** EXERCISE **
Using only the entries below, copy exactly the lines that begin at the one with "Moederkerk Church, Stellenbosch, Cape" and end at the one with "Jeff Bezos è", both included. Drop the pictures.

** DATA **
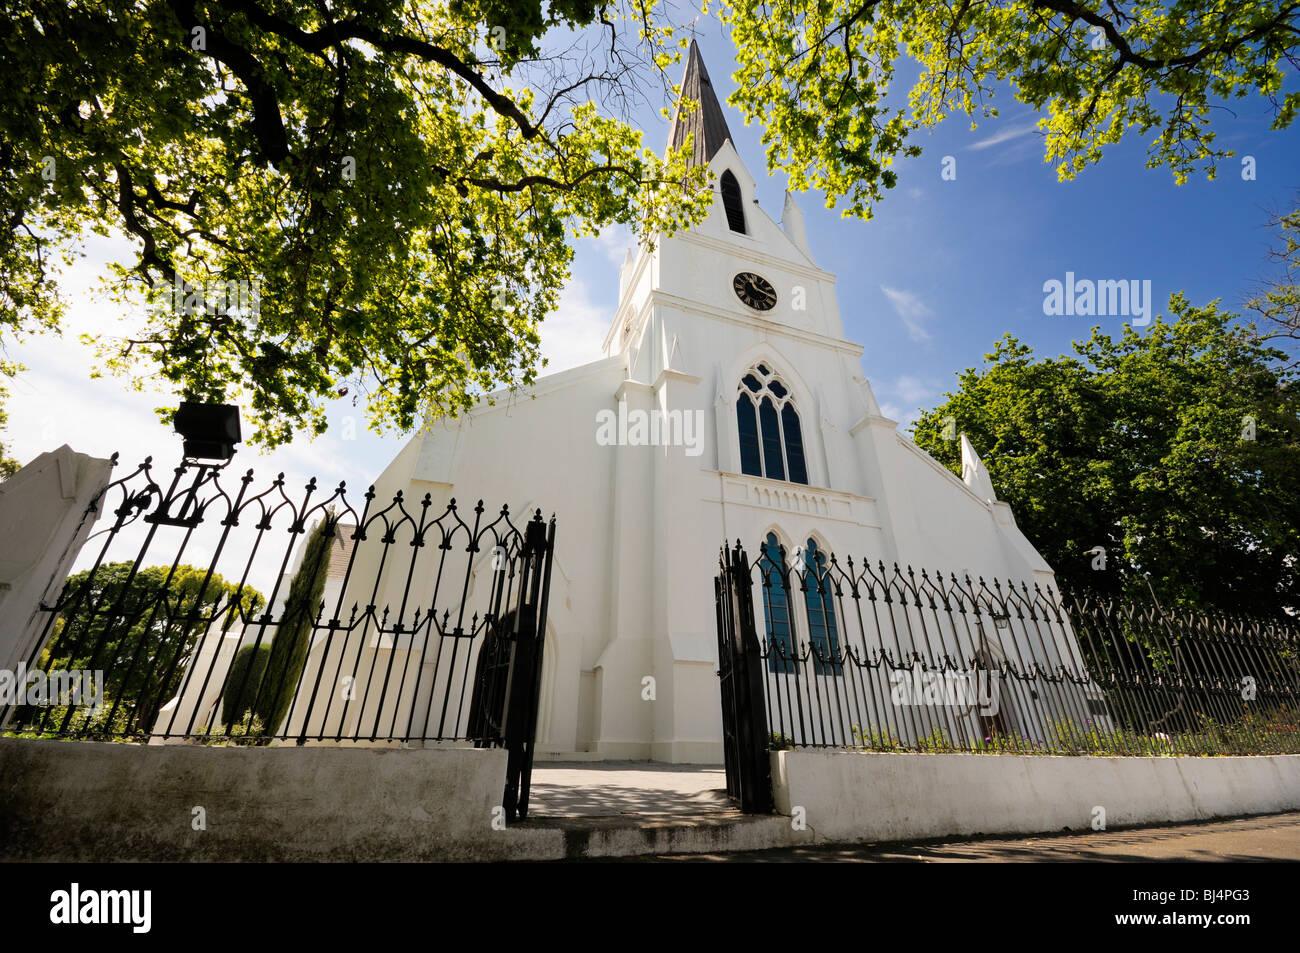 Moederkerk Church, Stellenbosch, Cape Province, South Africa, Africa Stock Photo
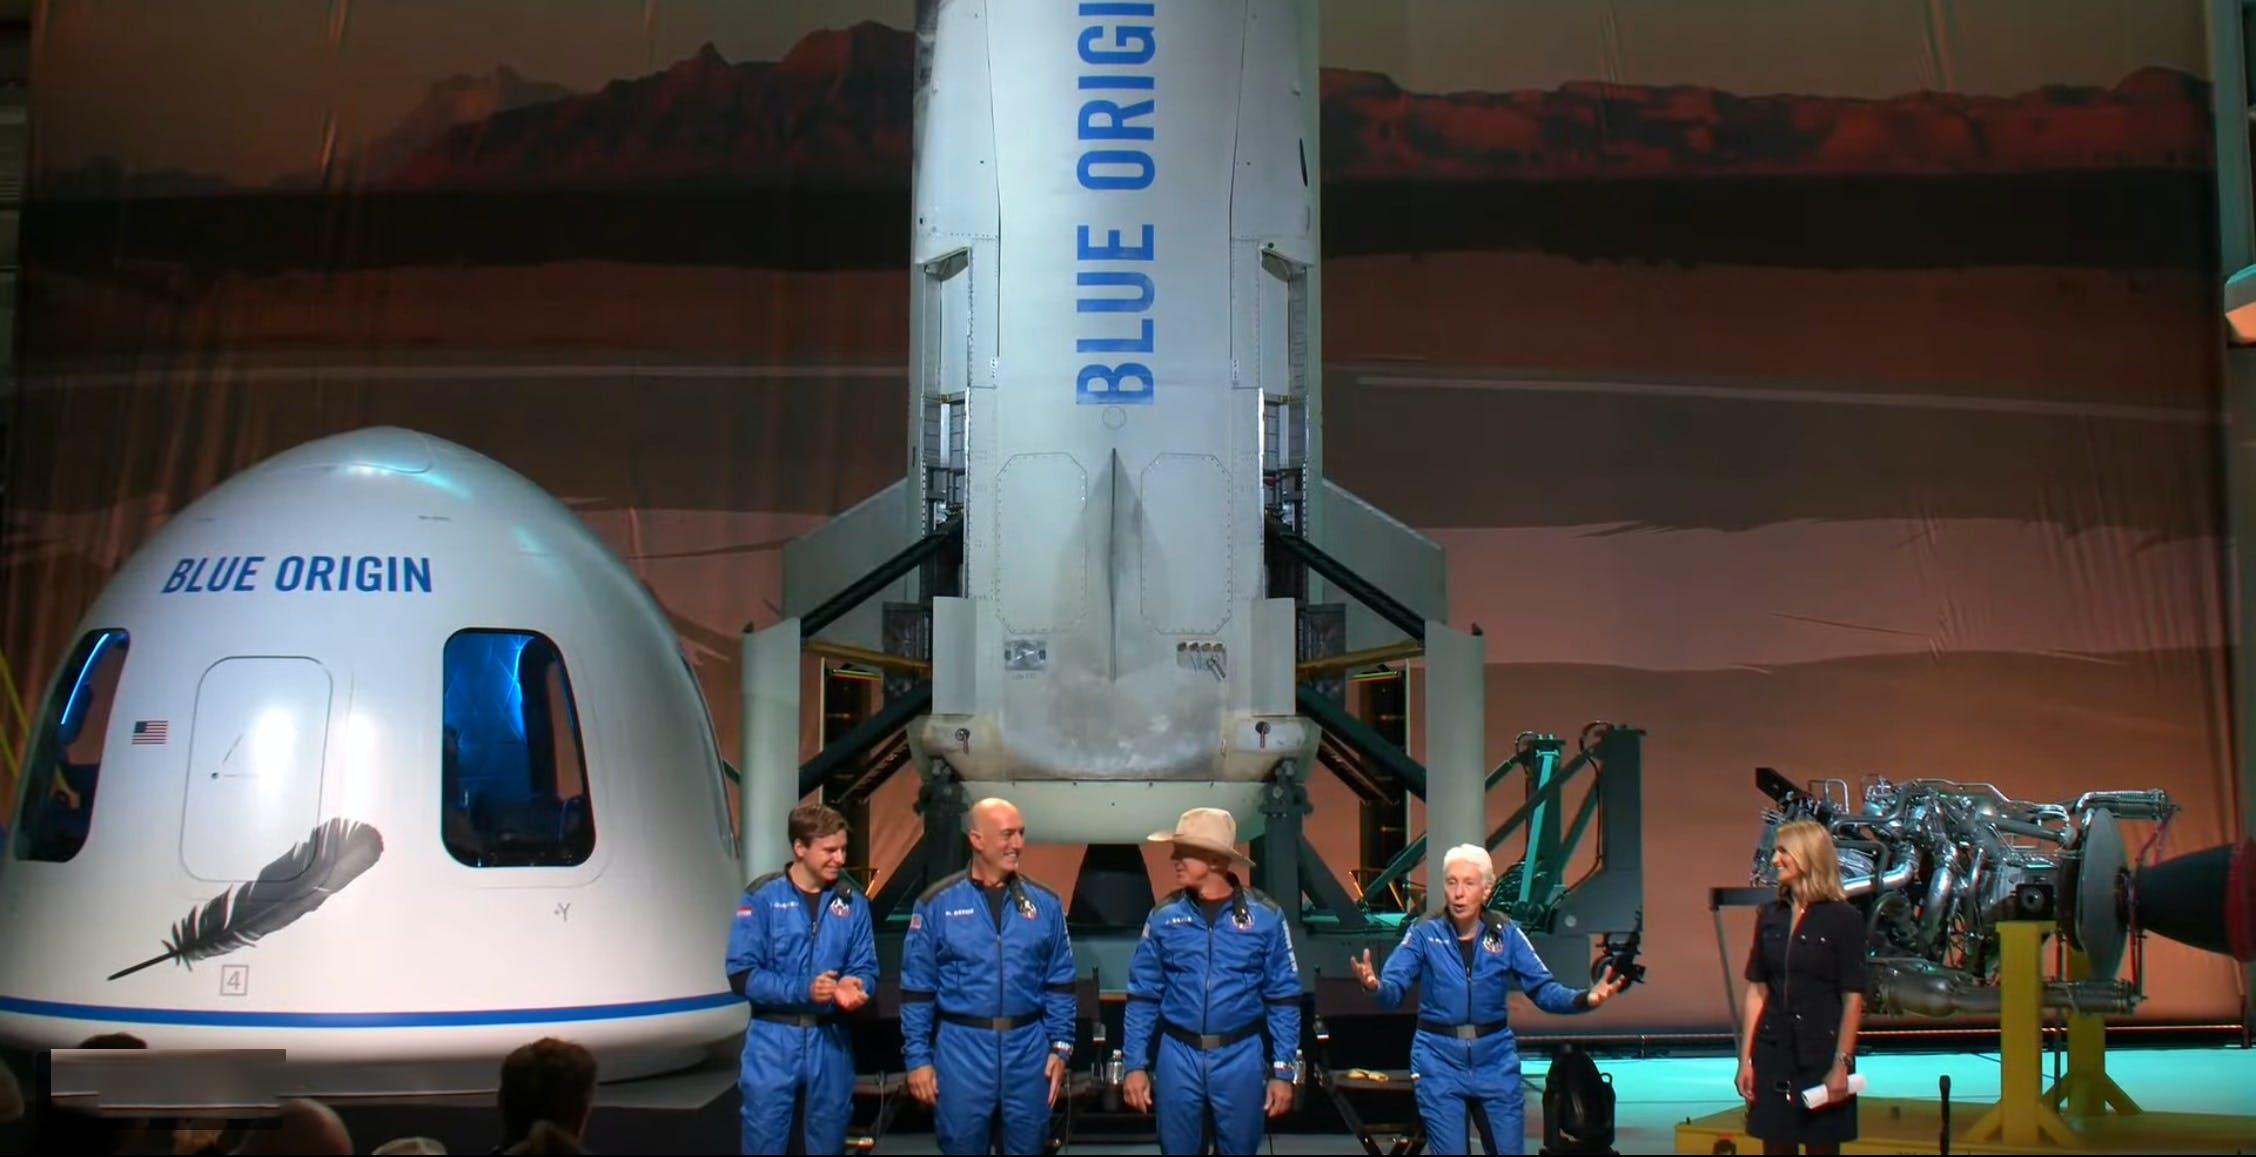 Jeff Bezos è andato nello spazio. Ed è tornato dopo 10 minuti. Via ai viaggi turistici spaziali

==

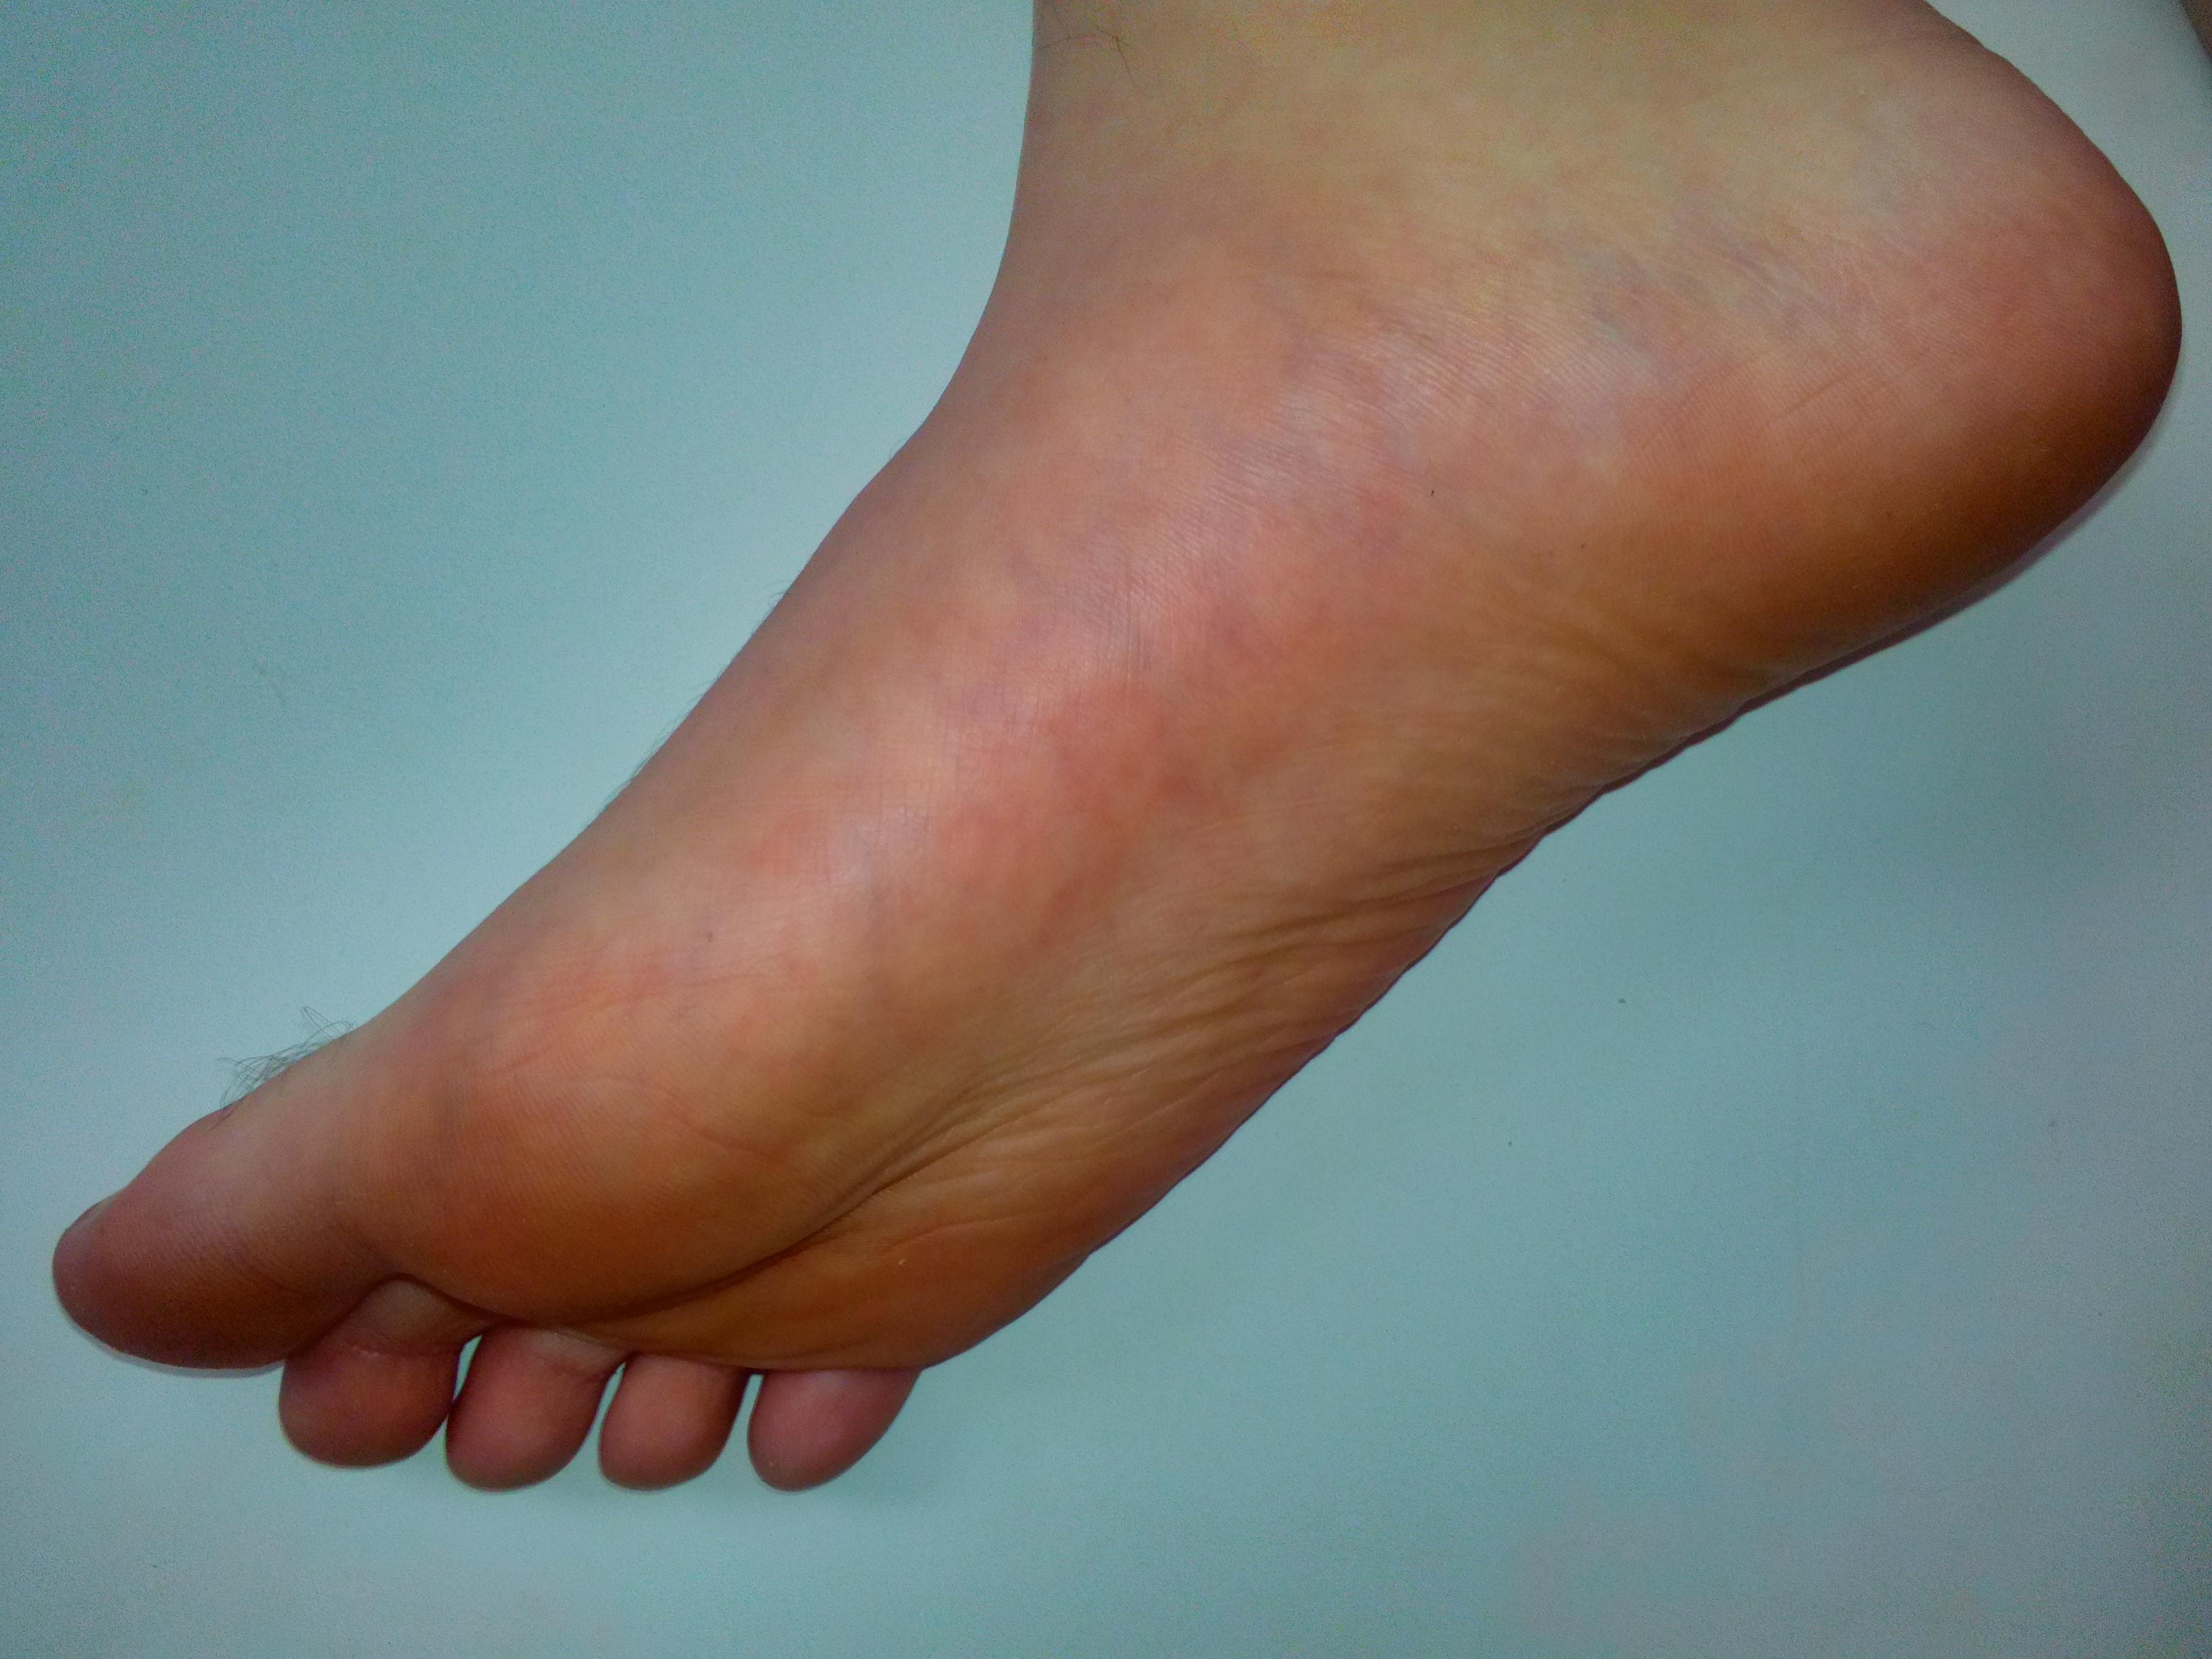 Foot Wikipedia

** REPLY **
 Moederkerk Church, Stellenbosch, Cape Province, South Africa, Africa Stock Photo
 Jeff Bezos è andato nello spazio. Ed è tornato dopo 10 minuti. Via ai viaggi turistici spaziali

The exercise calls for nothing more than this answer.